Failed to place enough replicas: expected size is 1 but only 0 storage types can be selected (replication=1, selected=[], unavailable=[DISK], removed=[DISK], policy=BlockStoragePolicy

{HOT:7, storageTypes=[DISK], creationFallbacks=[], replicationFallbacks=[ARCHIVE]}

We have a scenario where there are multiple hdfs files being written (order of 500-1000 files - at most 10-40 such files written concurrently) -- we don't call close immediately on each file for every write -- but keep writing till end and then call close.

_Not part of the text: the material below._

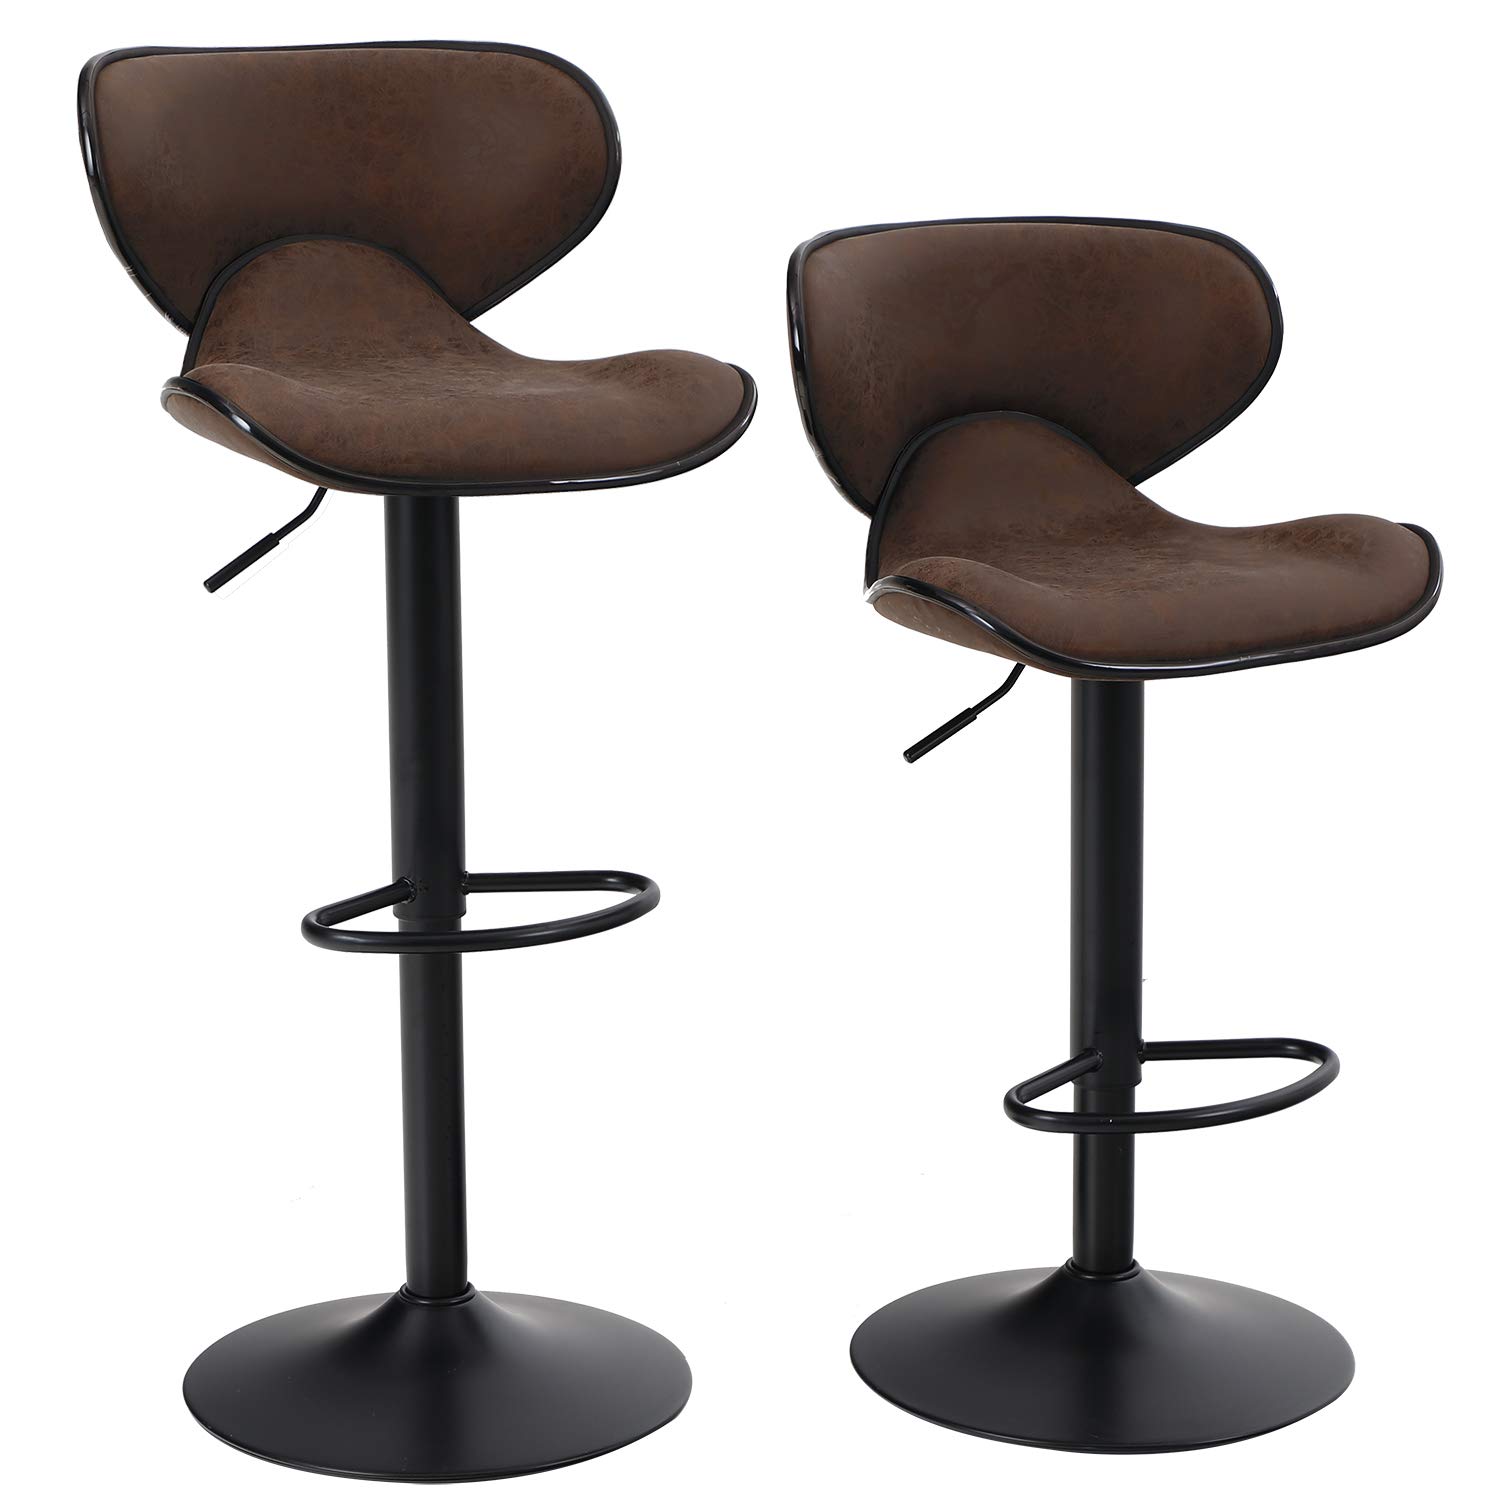 ALPHA HOME Bar Stools Counter Height Adjustable Swivel Bar Chair Modern Pu Leather Kitchen Counter Stools Dining Chairs Set of 2，350 lbs Capacity ,...

It seems that sometimes we get the above error - and the write fails. We have set hdfs retries to 10 - but that does not seem to help.

We also increased dfs.datanode.handler.count to 200 - that did sometime helped but not always. a) Would increasing dfs.datanode.handler.count help here? even if 10 are written concurrently.. b) What should be done so that we don't get error at application level -- as such hadoop monitoring page indicates that disks are healthy - but from the warning message, it did seemed that sometimes disks were not available -- org.apache.hadoop.hdfs.server.blockmanagement.BlockPlacementPolicy: Failed to place enough replicas, still in need of 1 to reach 1 (unavailableStorages=[DISK], storagePolicy=BlockStoragePolicy

{HOT:7, storageTypes=[DISK], creationFallbacks=[], replicationFallbacks=[ARCHIVE]} , newBlock=true) All required storage types are unavailable: unavailableStorages=[DISK], storagePolicy=BlockStoragePolicy

Assuming that above happens only when we find failures to disks -- we also tried setting dfs.client.block.write.replace-datanode-on-failure.enable to false, so that for temporary failures, we don't get errors. But it does not seem to help either.

Any further suggestions here?

1

1 Answers

0
votes

In my case this was fixed by opening the firewall port 50010 for the datanodes (on Docker)